**Exercise brief**
When the line containing "El director de" appears in the entries below, begin printing there and stop after the line containing "Dernière unité de"; print each of those lines exactly and no other line.
### Extracted records ###
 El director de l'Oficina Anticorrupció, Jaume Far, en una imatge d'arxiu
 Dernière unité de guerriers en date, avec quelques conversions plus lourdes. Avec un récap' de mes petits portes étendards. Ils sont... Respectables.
###
### Extracted records ###
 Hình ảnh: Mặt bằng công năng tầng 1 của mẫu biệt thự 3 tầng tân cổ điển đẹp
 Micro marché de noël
###
**Problem solution**
 El director de l'Oficina Anticorrupció, Jaume Far, en una imatge d'arxiu
 Dernière unité de guerriers en date, avec quelques conversions plus lourdes. Avec un récap' de mes petits portes étendards. Ils sont... Respectables.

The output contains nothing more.